### TASK TO CARRY OUT
In the records below, find the line that contains "Majesda® - Vintage" and the line that contains "Dual-Use bulletproof vest"; write out exactly those two lines and everything between them, without the pictures.

### THE RECORDS
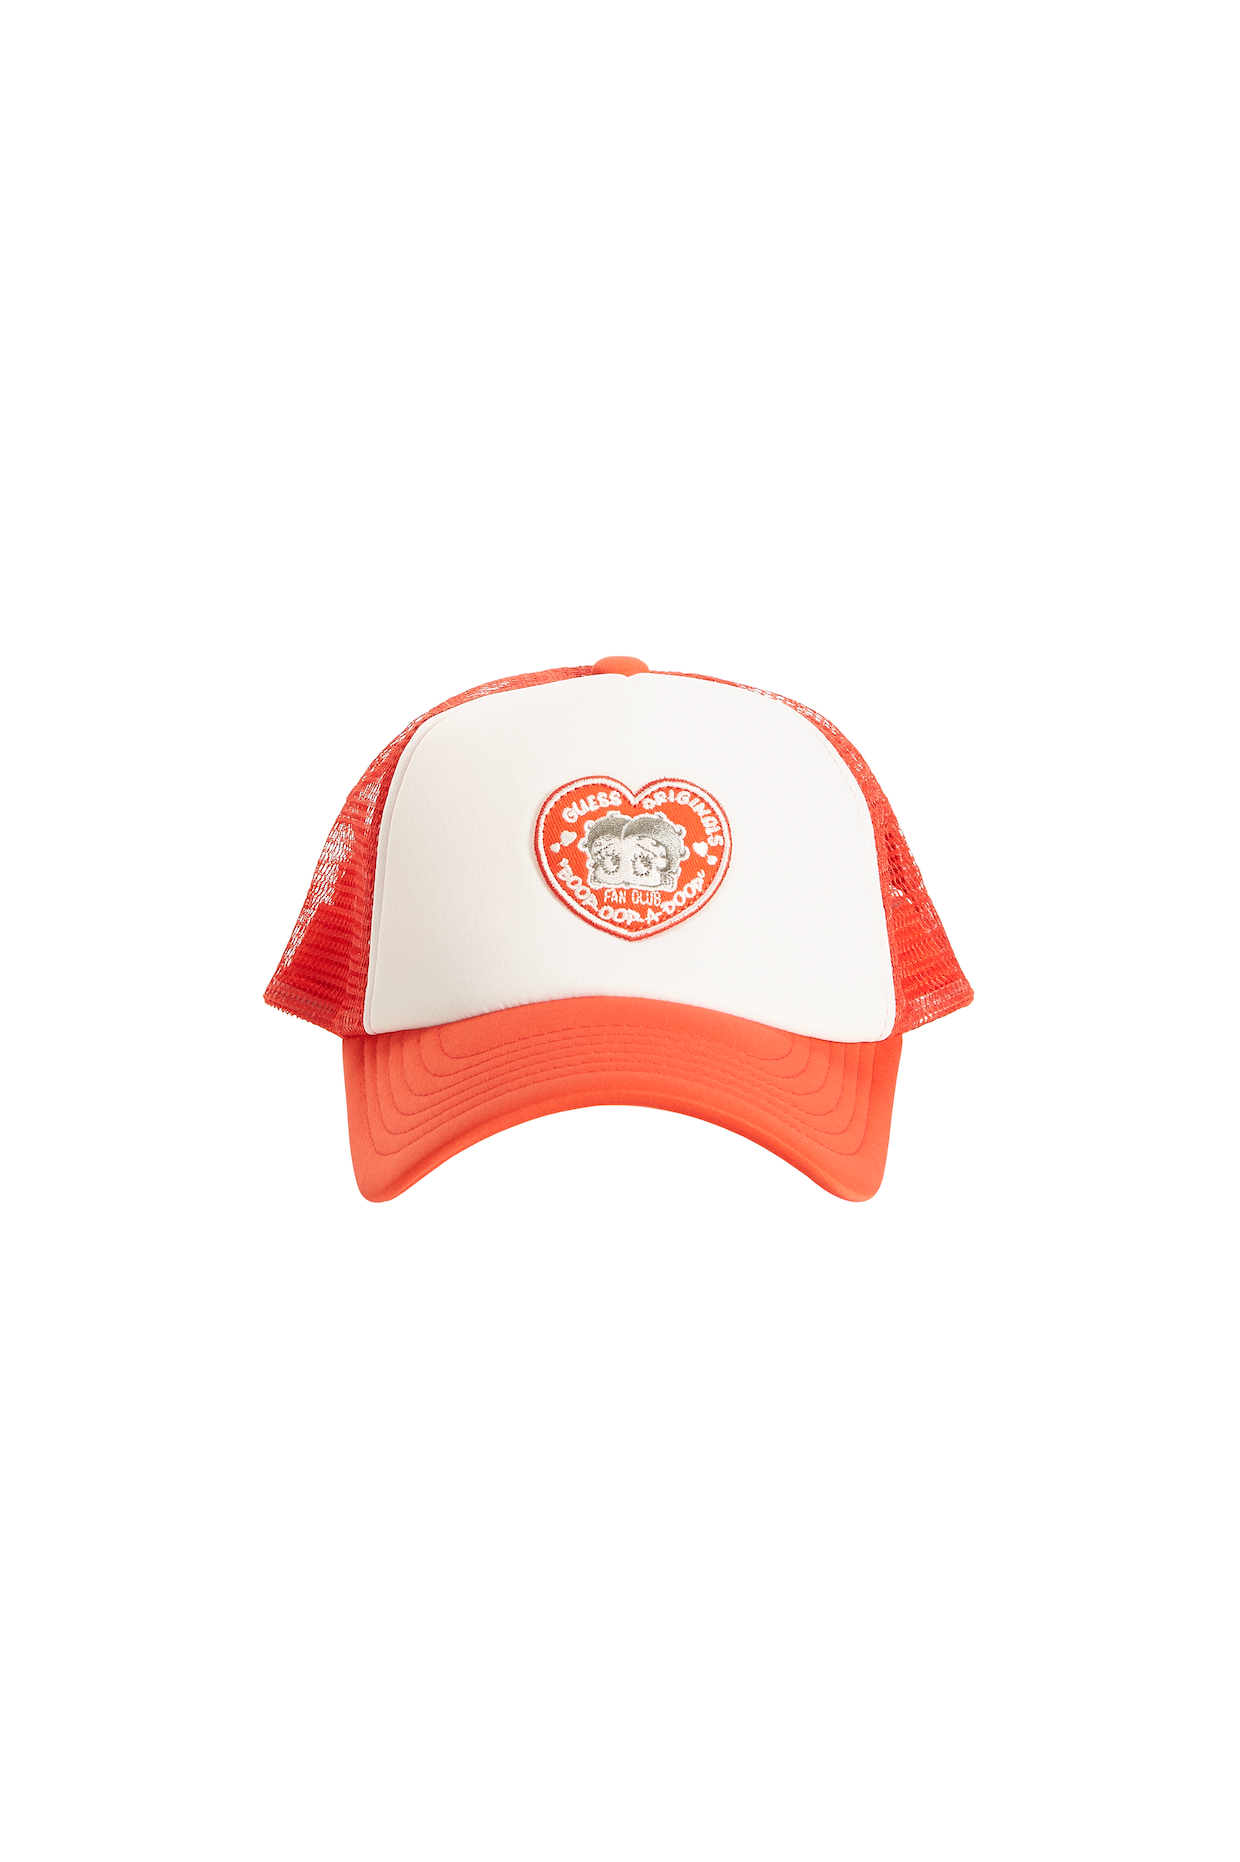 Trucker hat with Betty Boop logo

==

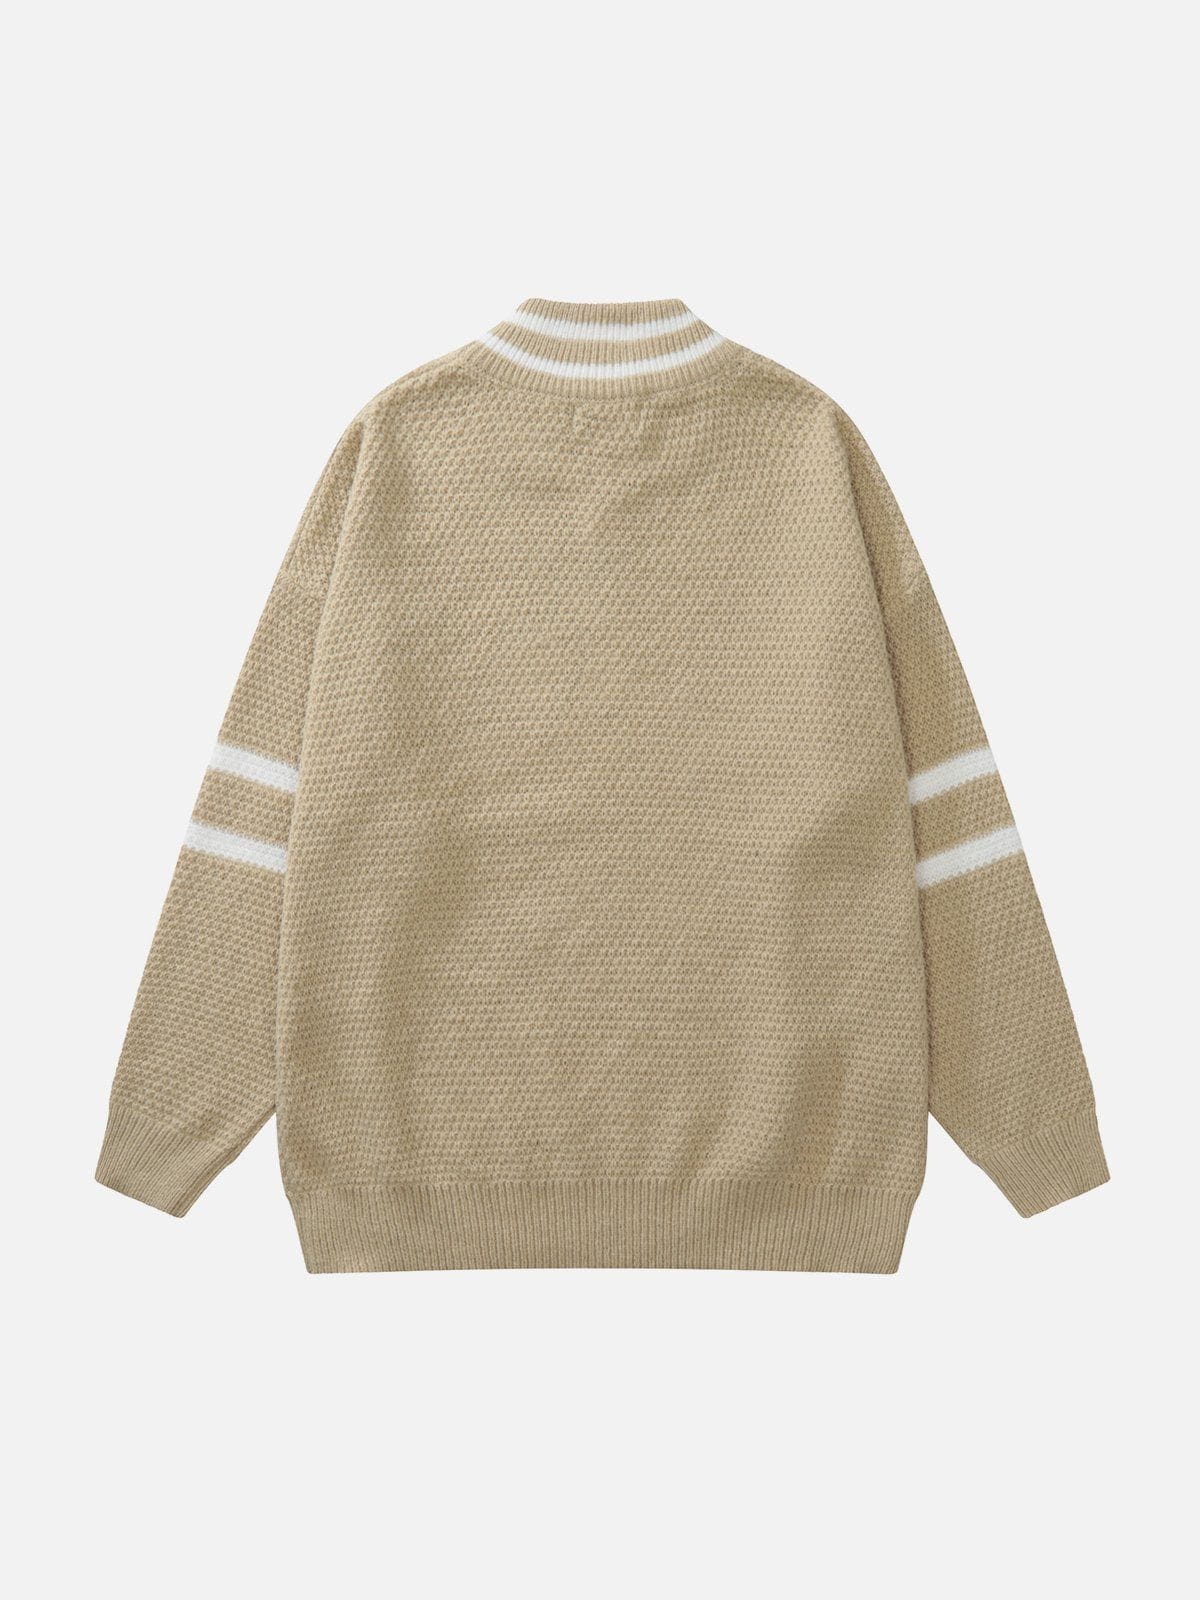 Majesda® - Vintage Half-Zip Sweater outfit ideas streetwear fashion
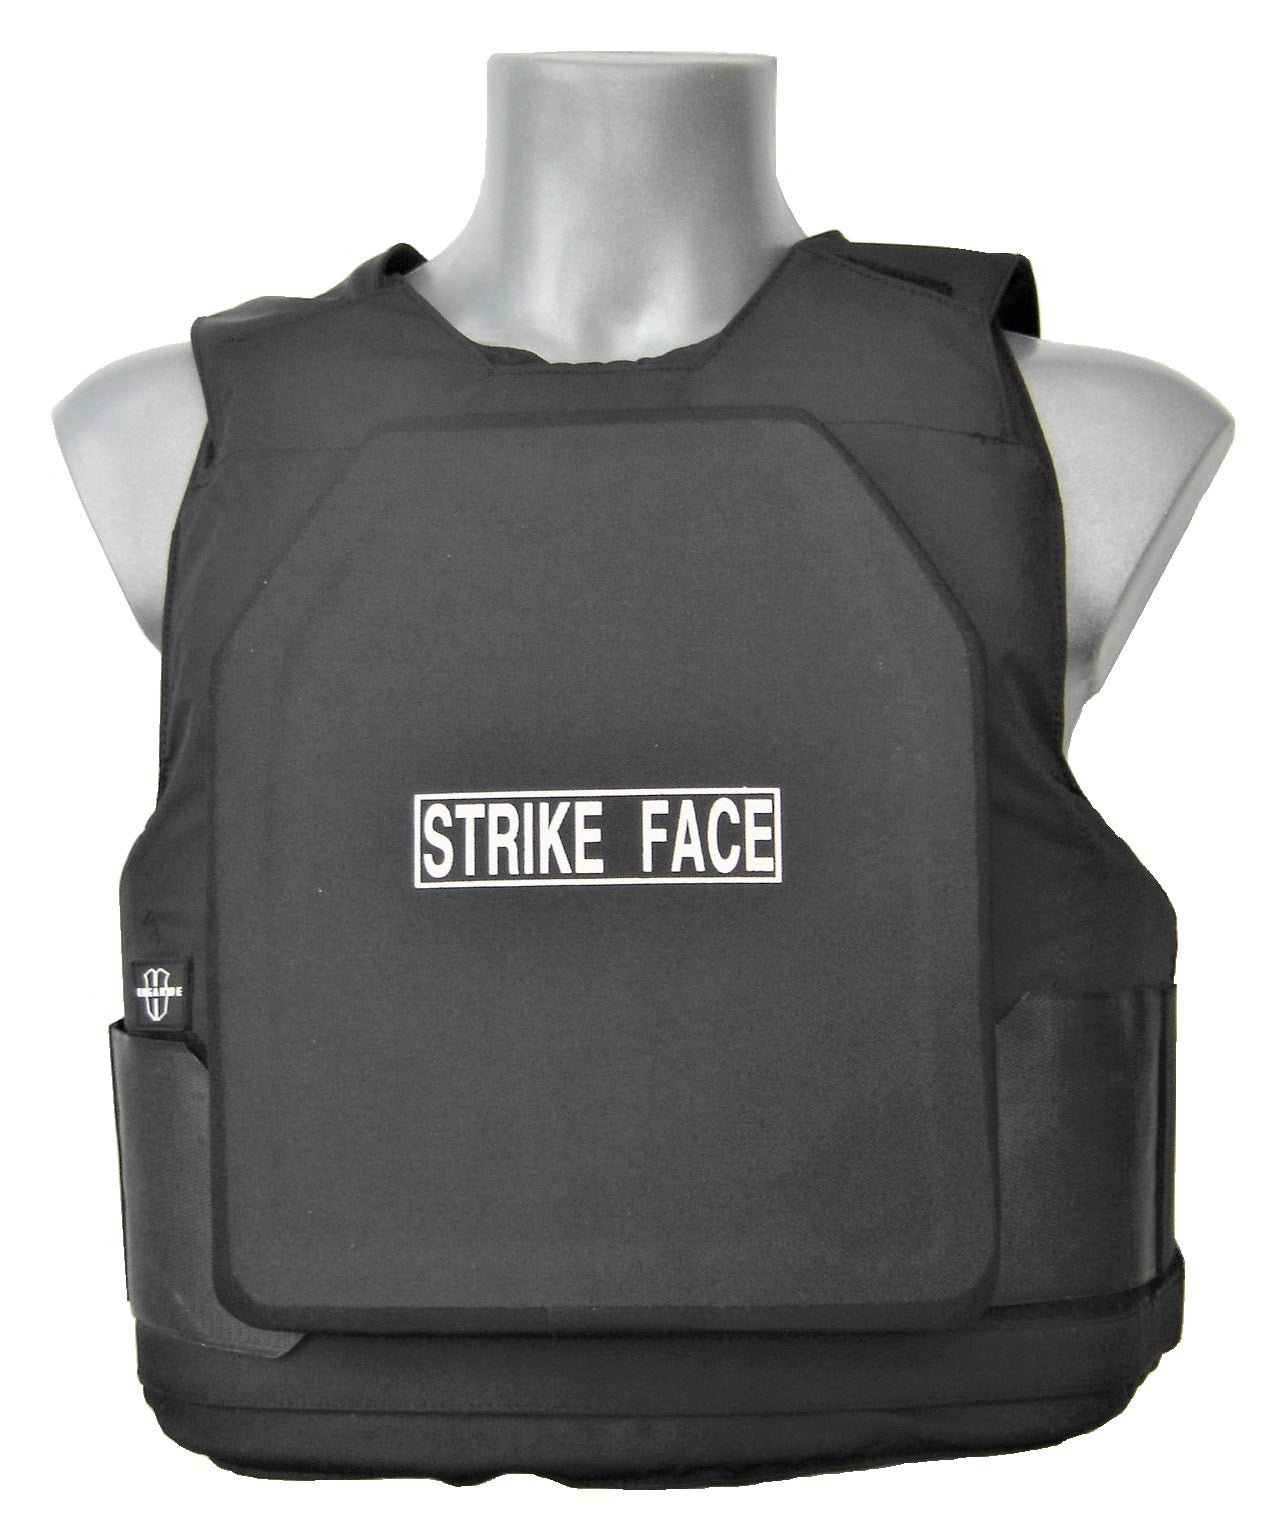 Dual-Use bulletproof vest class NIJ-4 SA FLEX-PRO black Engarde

### ANSWER FOR THIS EXERCISE
 Majesda® - Vintage Half-Zip Sweater outfit ideas streetwear fashion
 Dual-Use bulletproof vest class NIJ-4 SA FLEX-PRO black Engarde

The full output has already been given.